Samplers (for map-style datasets):

That aside, if you are switching to a map-style dataset, here are some details on how samplers and batch samplers work. You have access to a dataset's underlying data using indices, just like you would with a list (since torch.utils.data.Dataset implements __getitem__). In other words, your dataset elements are all dataset[i], for i in [0, len(dataset) - 1].

Here is a toy dataset:

class DS(Dataset):
    def __getitem__(self, index):
        return index
        
    def __len__(self):
        return 10

In a general use case you would just give torch.utils.data.DataLoader the arguments batch_size and shuffle. By default, shuffle is set to false, which means it will use torch.utils.data.SequentialSampler. Else (if shuffle is true) torch.utils.data.RandomSampler will be used. The sampler defines how the data loader accesses the dataset (in which order it accesses it).

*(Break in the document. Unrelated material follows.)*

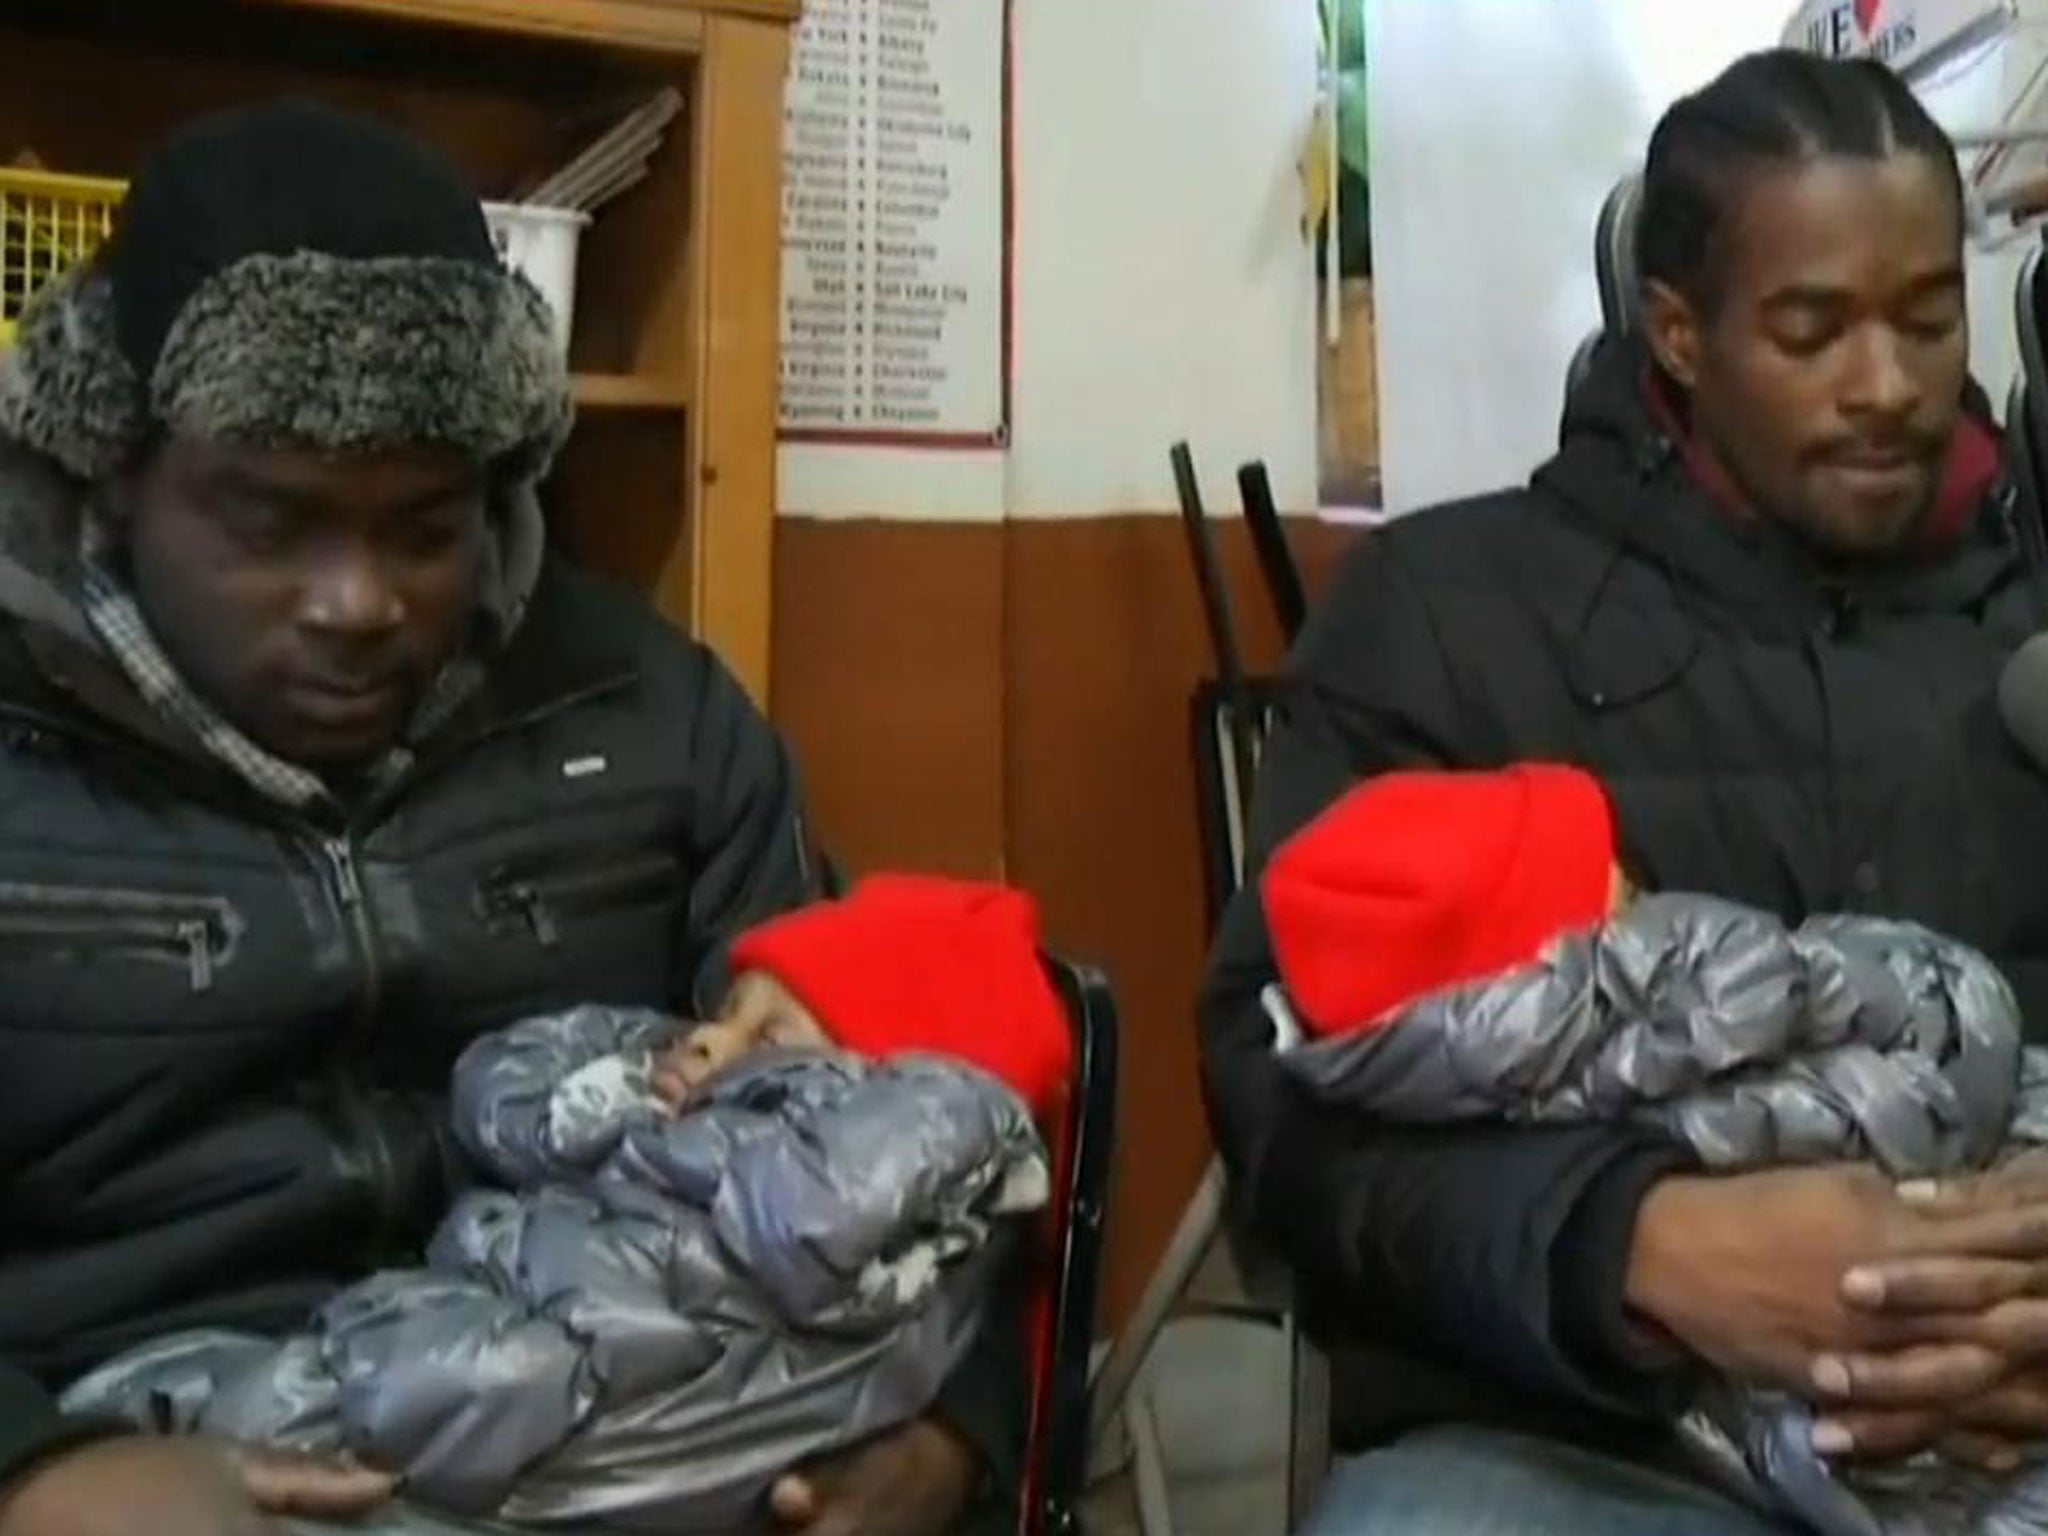 Jermaine Shirley, left, saved the life of two twins by catching them as they were thrown down a fire escape

The above dataset (DS) has 10 elements. The indices are 0, 1, 2, 3, 4, 5, 6, 7, 8, and 9. They map to elements 0, 10, 20, 30, 40, 50, 60, 70, 80, and 90. So with a batch size of 2:

  • SequentialSampler: DataLoader(ds, batch_size=2) (implictly shuffle=False), identical to DataLoader(ds, batch_size=2, sampler=SequentialSampler(ds)). The dataloader will deliver tensor([0, 10]), tensor([20, 30]), tensor([40, 50]), tensor([60, 70]), and tensor([80, 90]).

  • RandomSampler: DataLoader(ds, batch_size=2, shuffle=True), identical to DataLoader(ds, batch_size=2, sampler=RandomSampler(ds)). The dataloader will sample randomly each time you iterate through it. For instance: tensor([50, 40]), tensor([90, 80]), tensor([0, 60]), tensor([10, 20]), and tensor([30, 70]). But the sequence will be different if you iterate through the dataloader a second time!


Batch sampler

Providing batch_sampler will override batch_size, shuffle, sampler, and drop_last altogether. It is meant to define exactly the batch elements and their content. For instance:

>>> DataLoader(ds, batch_sampler=[[1,2,3], [6,5,4], [7,8], [0,9]])` 

Will yield tensor([10, 20, 30]), tensor([60, 50, 40]), tensor([70, 80]), and tensor([ 0, 90]).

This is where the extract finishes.